Goal of the exercise:
Images aside, return all the entries exactly.

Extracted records
□ □ □ □
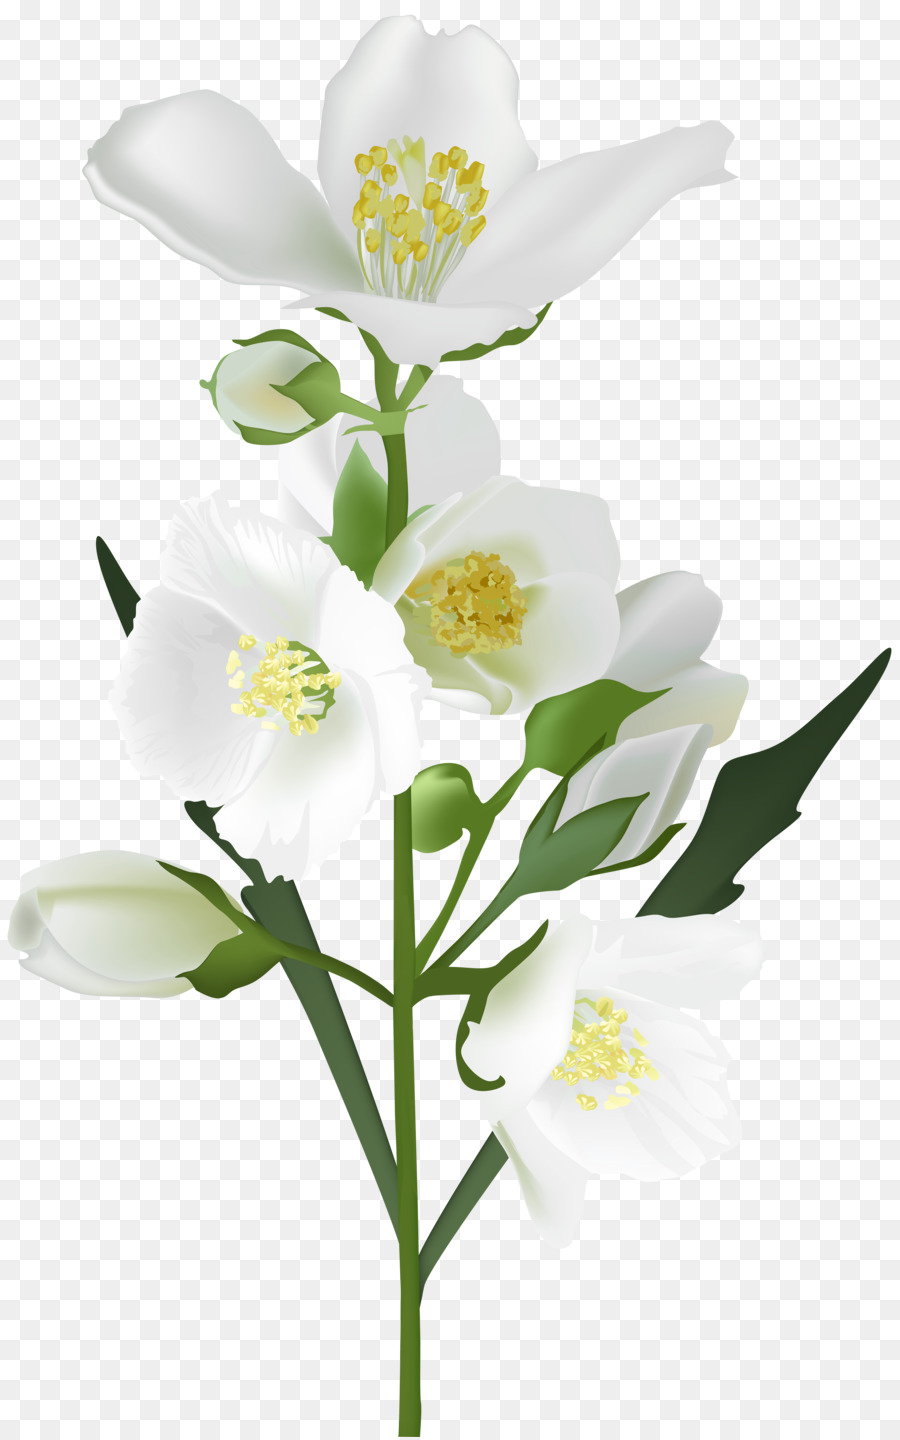 Flower White Clip art - jasmine flower png download - 5009*8000 - Free Transparent Flower png Download.
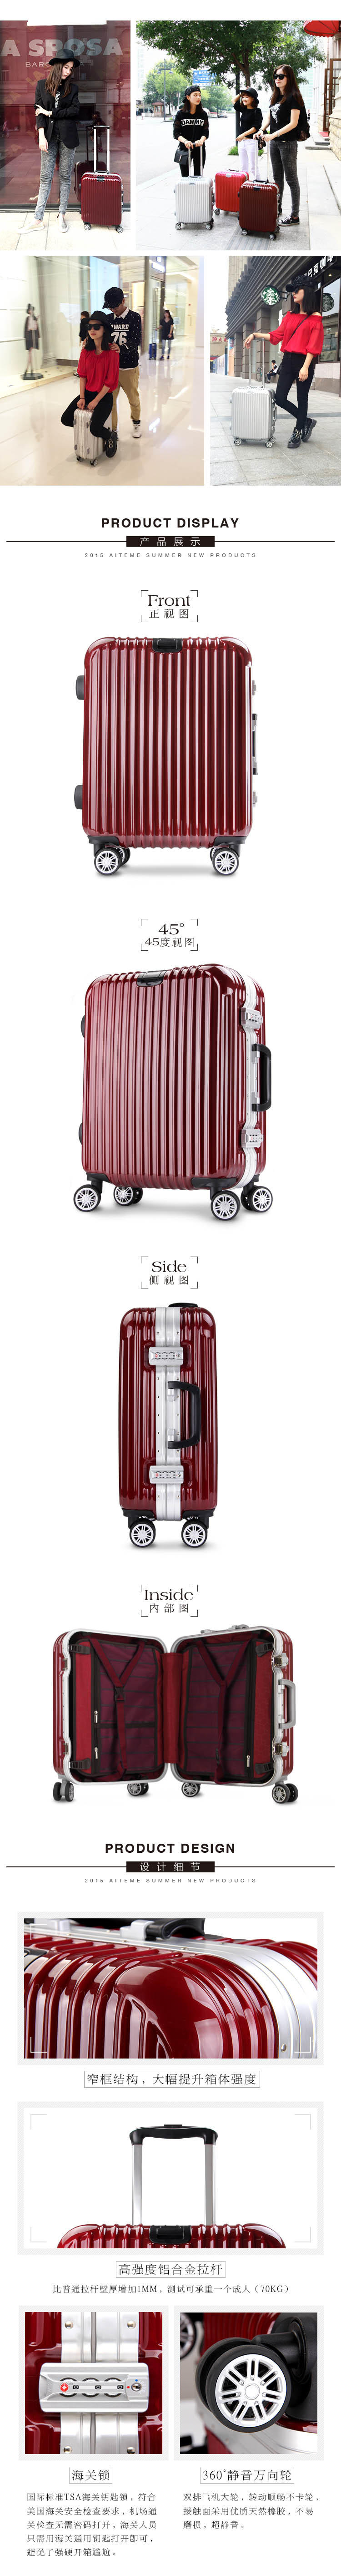 商务铝框密码拉杆箱万向轮女男行李登机箱韩版旅行箱28寸学生时尚潮流箱包箱子
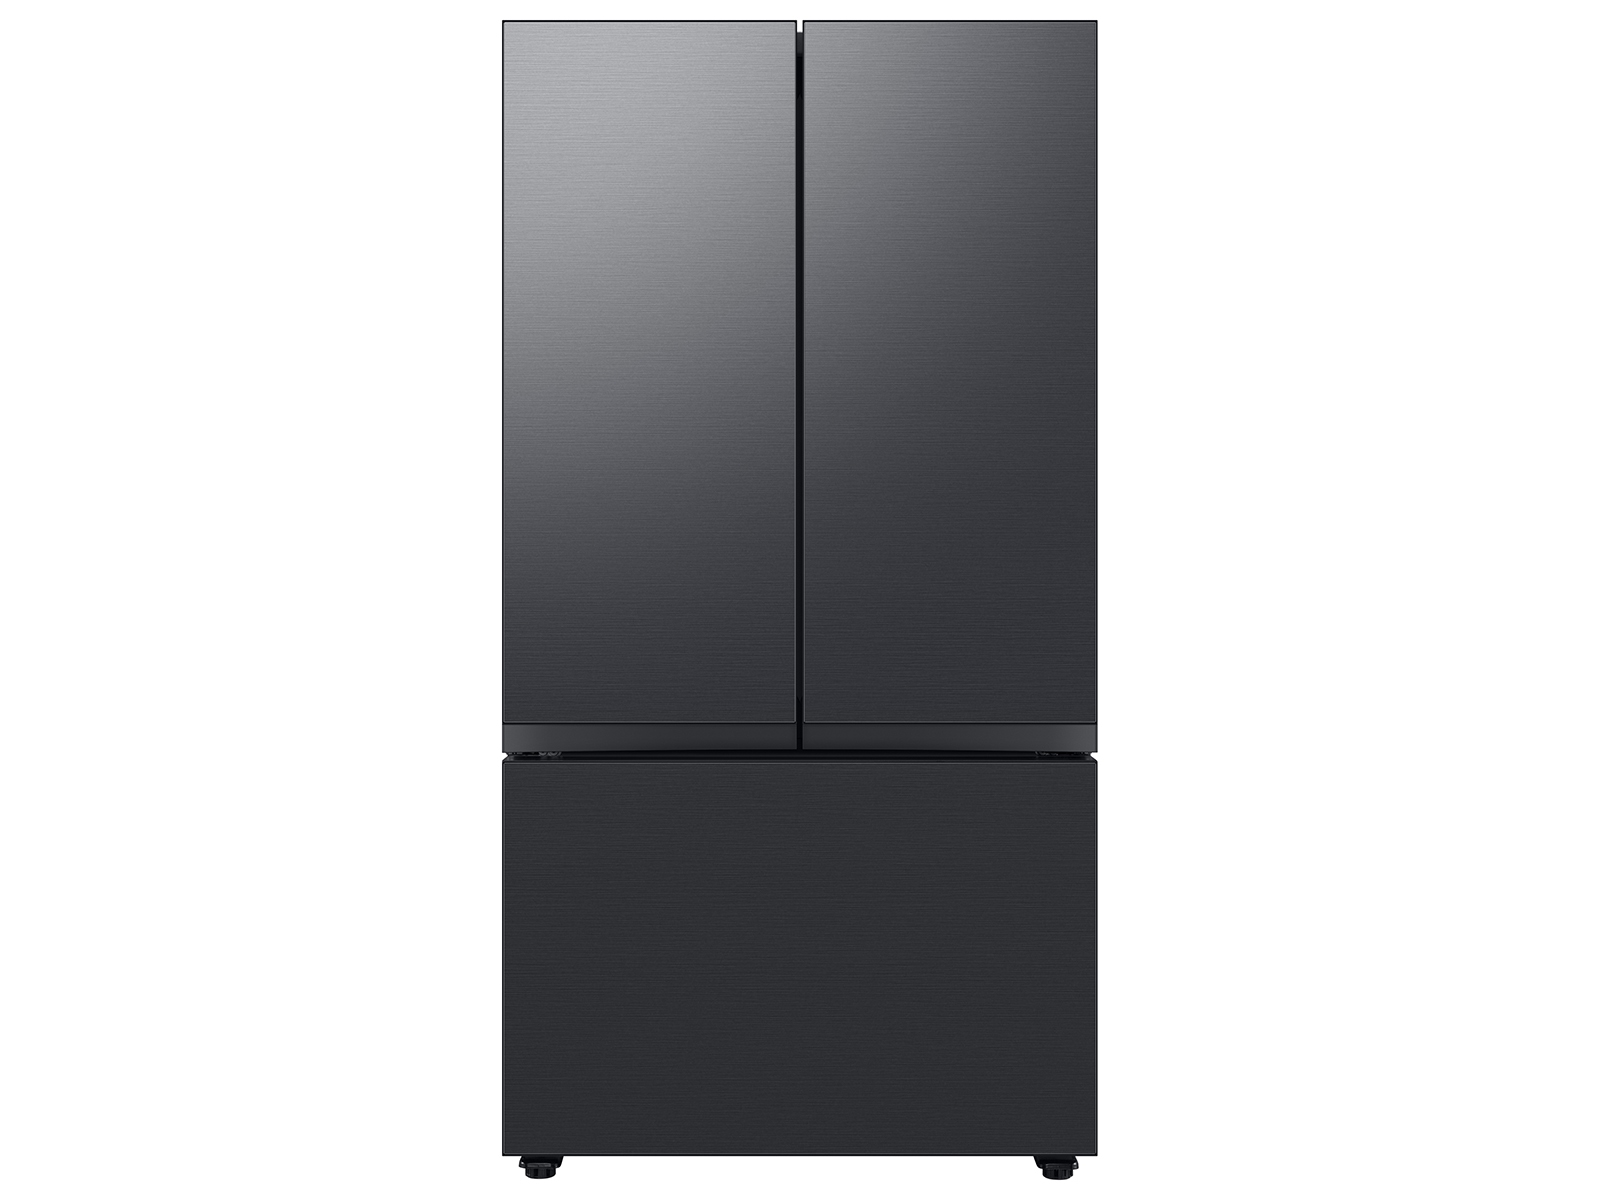 Samsung Bespoke 3-Door French Door Refrigerator (24 cu. ft.) with Beverage Center™ in Matte in Black Steel(BNDL-1650311111843)
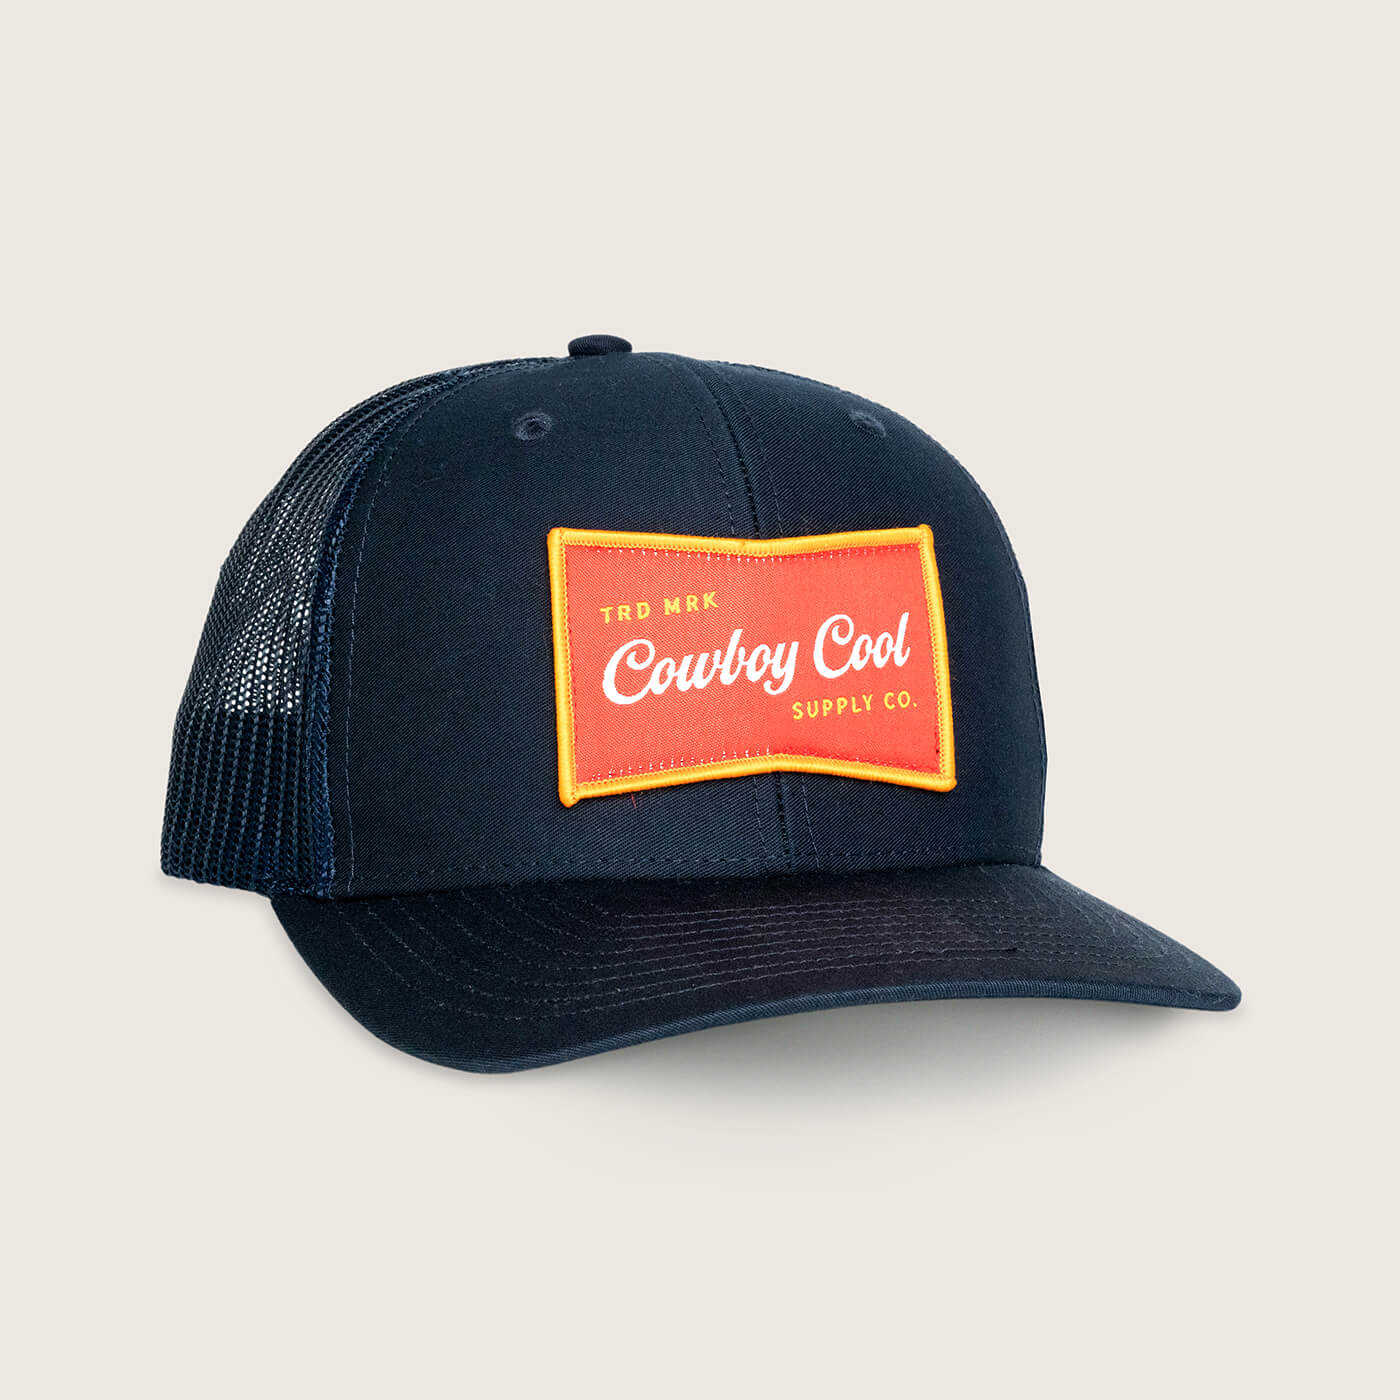 Cowboy Cool Banquet Cap
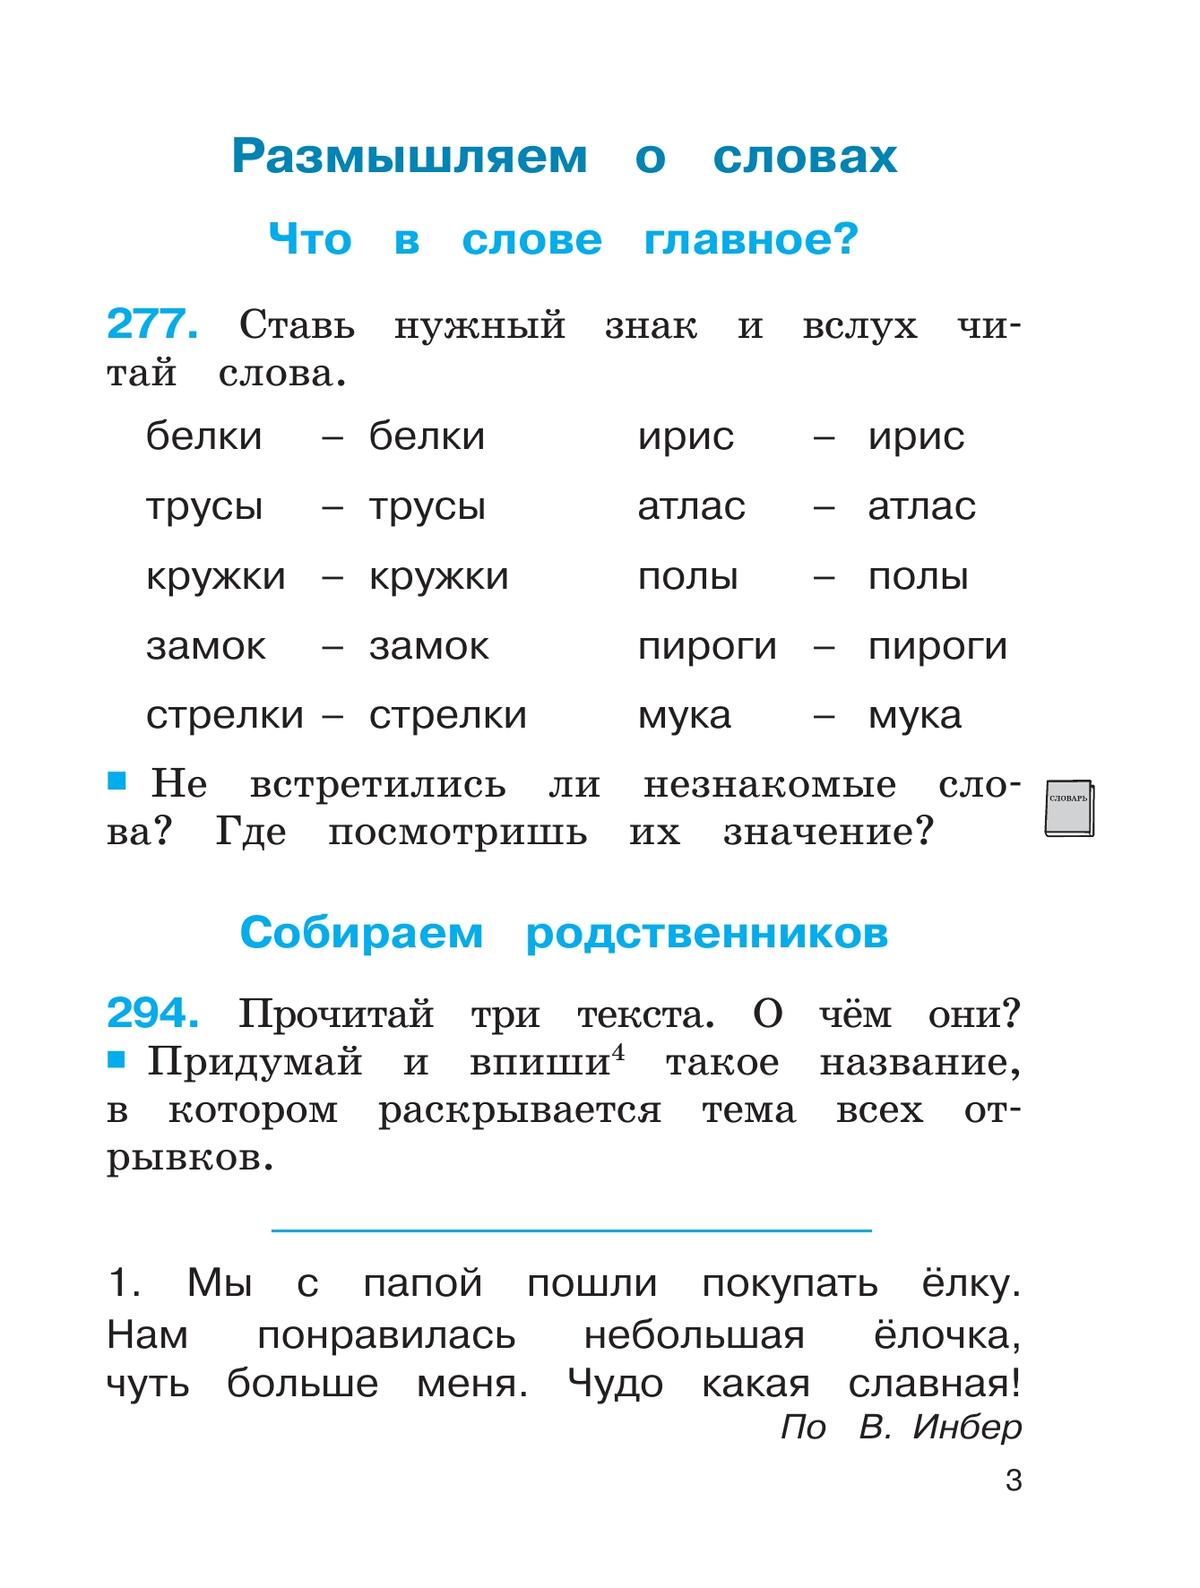 Русский язык. Тетрадь-задачник. 2 класс. В 3 частях. Часть 2 8
□ □ □ □
Finished exercise:
 Flower White Clip art - jasmine flower png download - 5009*8000 - Free Transparent Flower png Download.
 商务铝框密码拉杆箱万向轮女男行李登机箱韩版旅行箱28寸学生时尚潮流箱包箱子
 Samsung Bespoke 3-Door French Door Refrigerator (24 cu. ft.) with Beverage Center™ in Matte in Black Steel(BNDL-1650311111843)
 Cowboy Cool Banquet Cap
 Русский язык. Тетрадь-задачник. 2 класс. В 3 частях. Часть 2 8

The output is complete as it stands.